I can stretch to £50


----------



## c4 loeb (Feb 28, 2015)

Ok thanks I'll order some odk


----------



## greymda (Feb 16, 2014)

but remember it's a show wax.
it will give you the LOOKS but you can't wait much durability out of it (imho)


----------



## c4 loeb (Feb 28, 2015)

Do it not last that long


----------



## Kimo (Jun 7, 2013)

A better looking wax usually doesn't last as long as a dull but durable one 

You'll easy see 2 months out of it


----------



## c4 loeb (Feb 28, 2015)

Oh ok cool I'm happy with that.
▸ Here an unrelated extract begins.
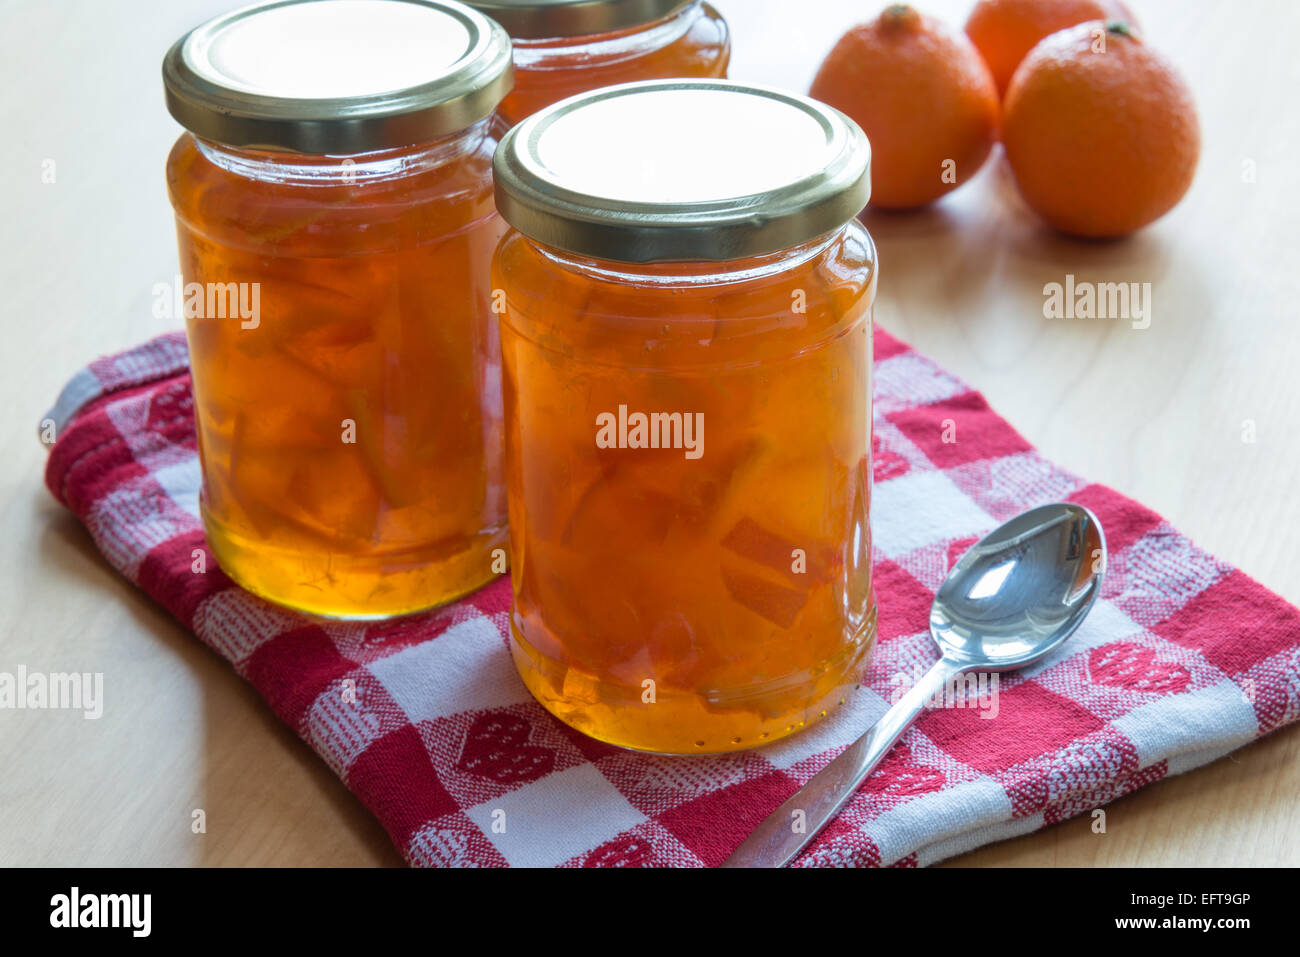 Jars of homemade Seville orange and clementine marmalade. Stock Photo

Will i need anything else


----------



## jay_bmw (Jan 28, 2010)

Dodojuice Orange crush used to be the go to wax for red cars. 

Or just follow the latest crowd & get the product of the moment like above


----------



## greymda (Feb 16, 2014)

well, as anyone on this forum will tell you: it's all in the preparation. so your car paint should be in good shape anyway


----------



## c4 loeb (Feb 28, 2015)

It's washed weekly but I've never used a clay bar on it


----------



## greymda (Feb 16, 2014)

it looks nice!

do remember to tell us your findings on ODK Glamour, if you go that path


----------



## Kimo (Jun 7, 2013)

greymda said:


> well, as anyone on this forum will tell you: it's all in the preparation. so your car paint should be in good shape anyway


A lot of people say that but I've used waxes, especially show waxes on swirly as **** cars and they still alter the gloss levels loads lol


----------



## greymda (Feb 16, 2014)

you, cheater


----------



## cheekymonkey (Mar 15, 2008)

has to be tried and tested vics red


----------



## cheekymonkey (Mar 15, 2008)

talk about hype,so many votes for ODK Glamour and its only been on sale for a couple of days.


----------



## jay_bmw (Jan 28, 2010)

^ lol couldn't agree more - wait till its forgotten about next month & people are like 'who's odk???'


----------



## Kimo (Jun 7, 2013)

cheekymonkey said:


> talk about hype,so many votes for ODK Glamour and its only been on sale for a couple of days.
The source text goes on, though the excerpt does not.